## ABOUT THIS TASK
Every line of the data should be written out exactly, with the pictures left out.

## DATASET CONTENT
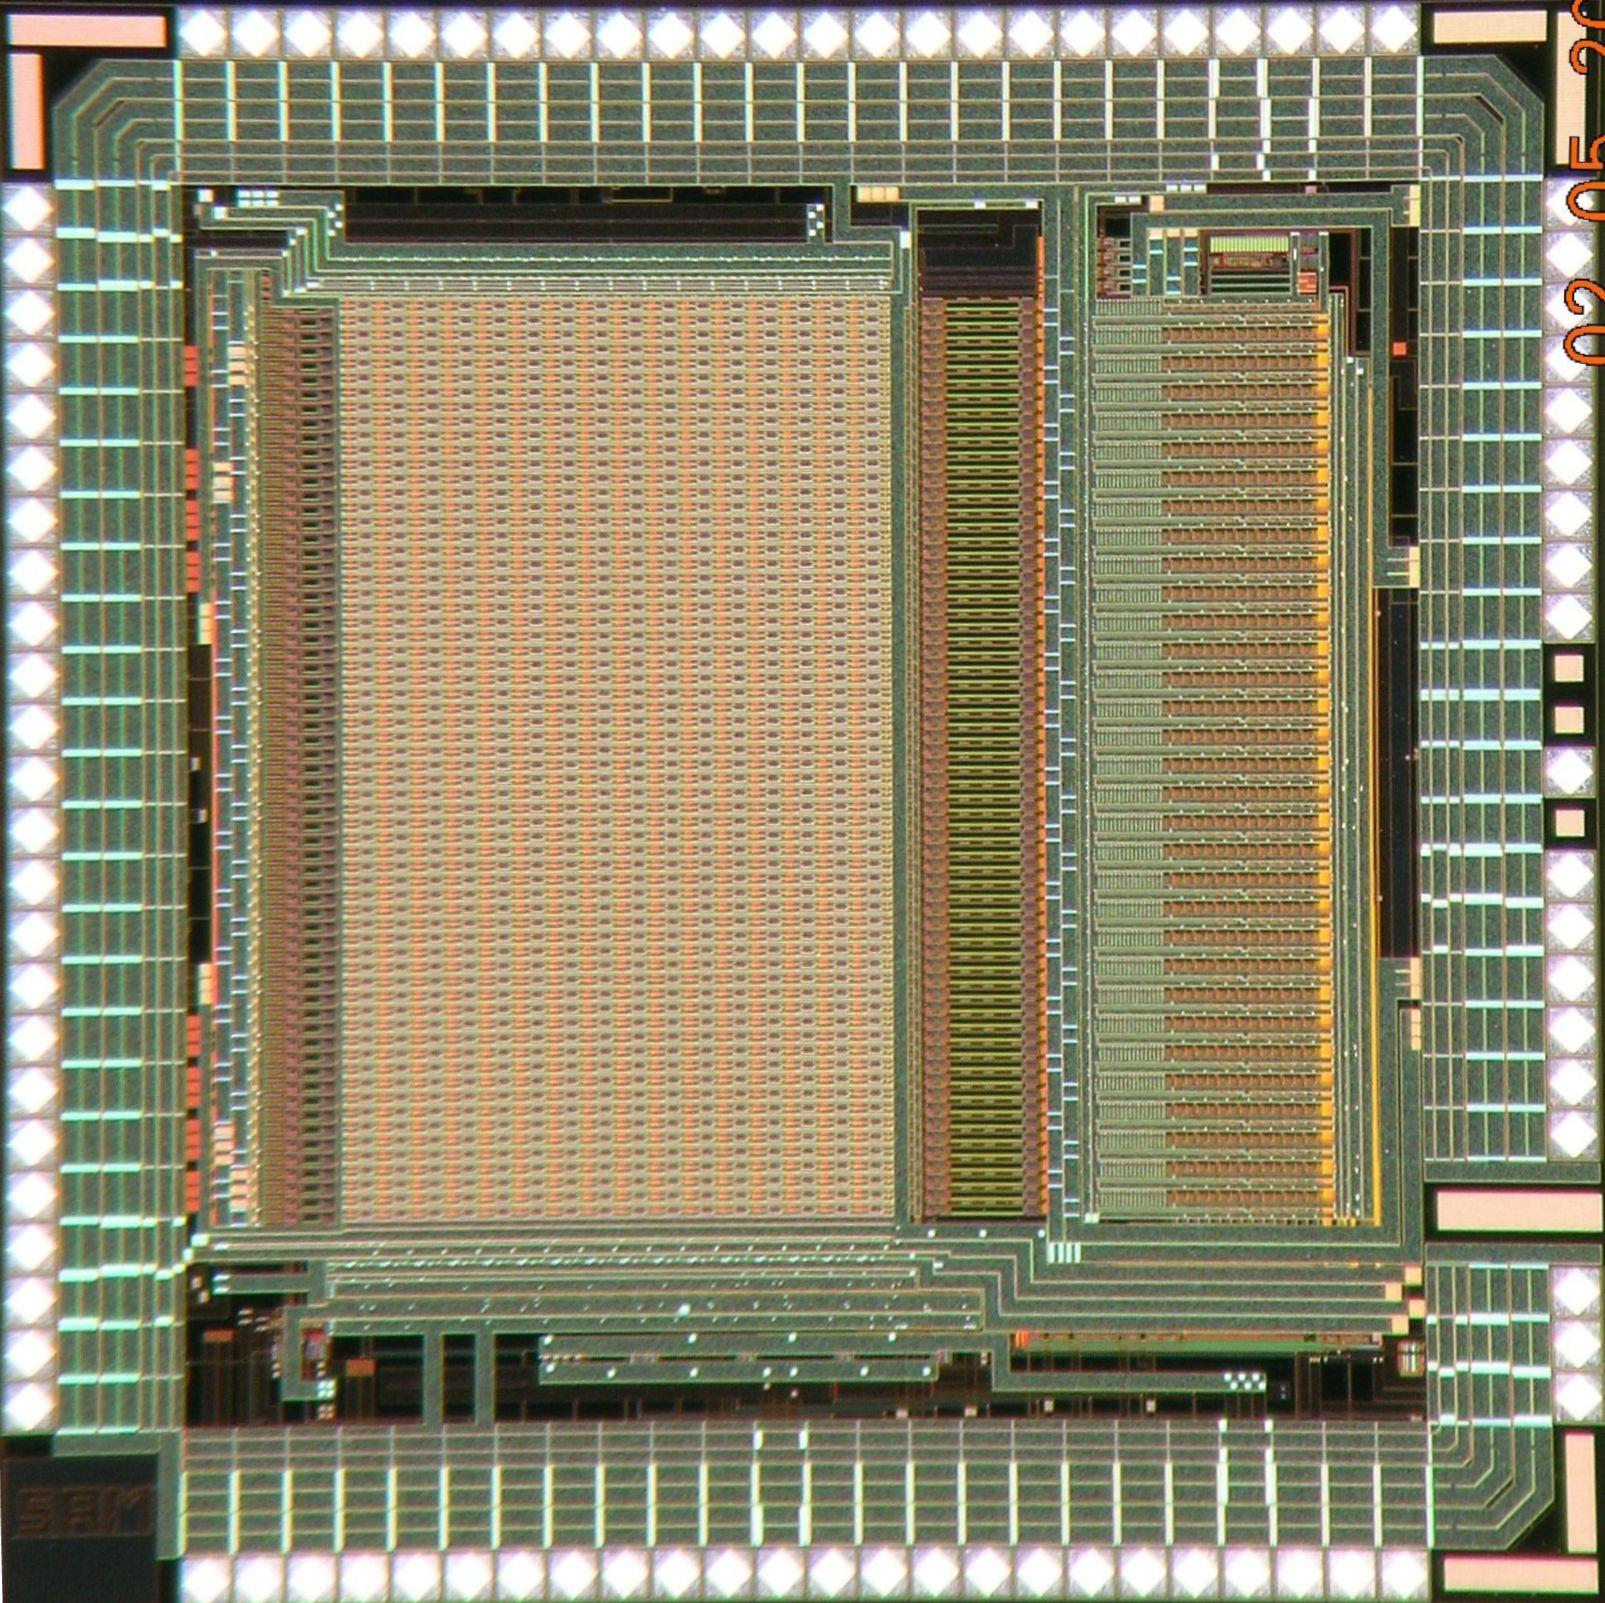 Photographie du circuit SAM
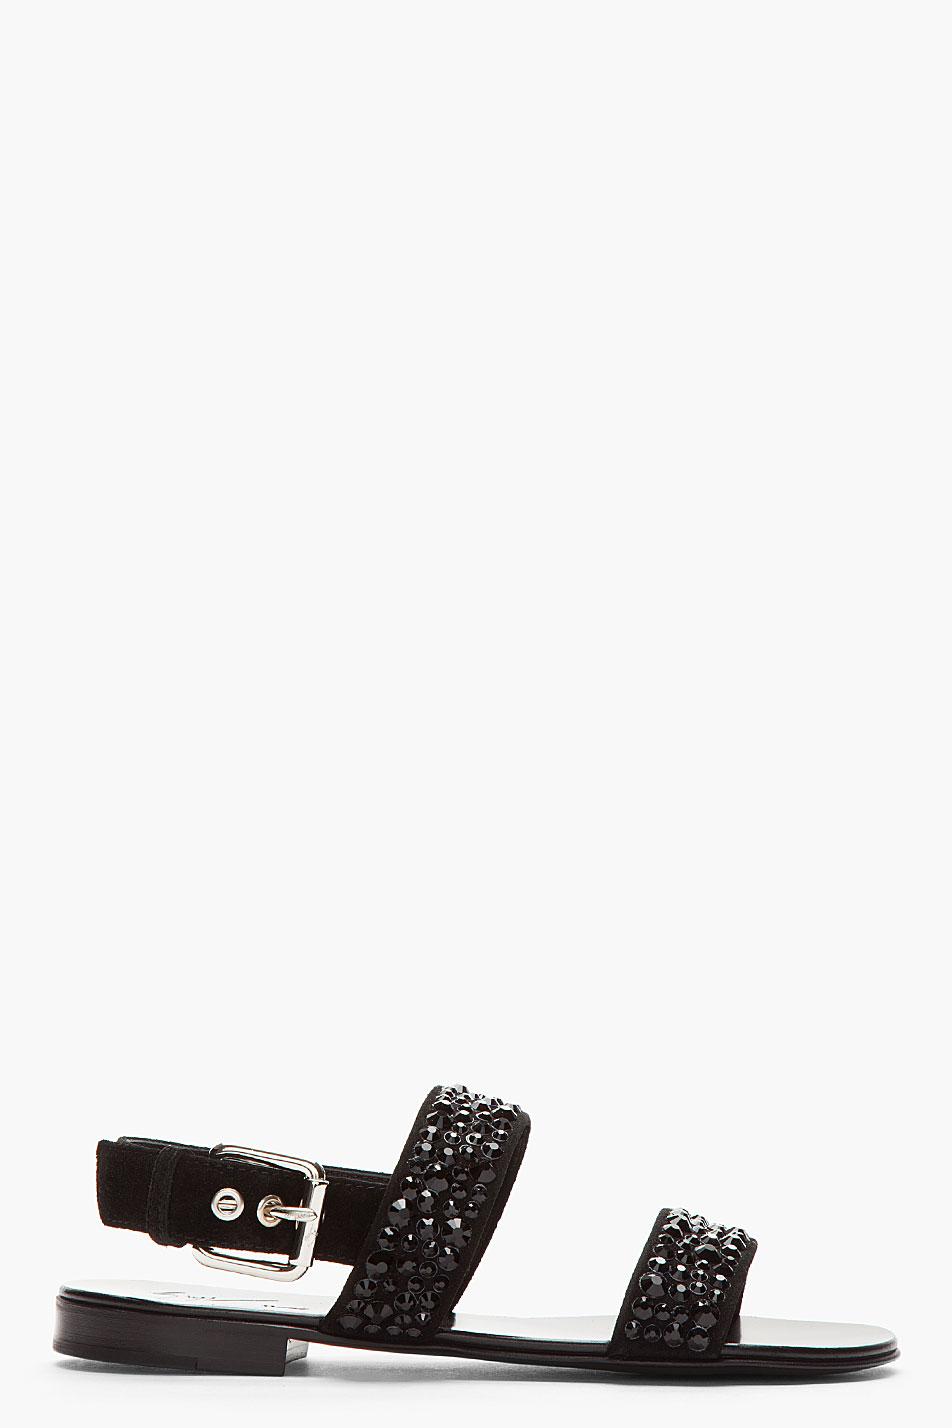 8d73756394efc6 Lyst - Giuseppe Zanotti Black Suede Crystal Studded Zak 10 Sandals ...
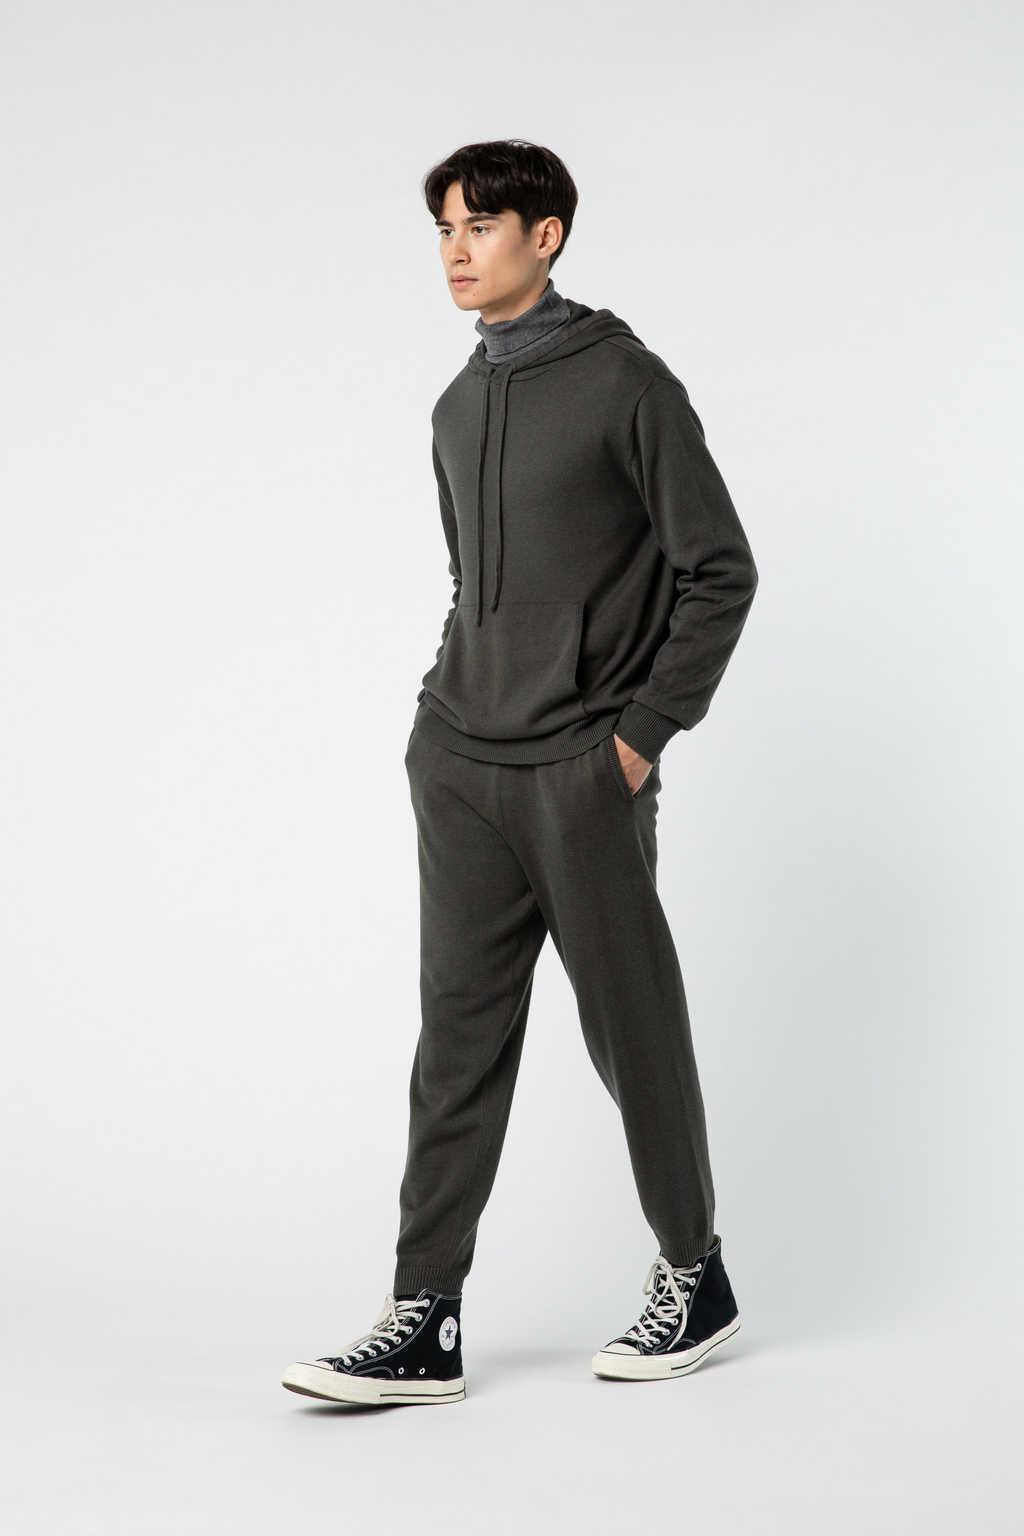 Sweater 2756 Olive 3

## RESPONSE TO THIS TASK
 Photographie du circuit SAM
 8d73756394efc6 Lyst - Giuseppe Zanotti Black Suede Crystal Studded Zak 10 Sandals ...
 Sweater 2756 Olive 3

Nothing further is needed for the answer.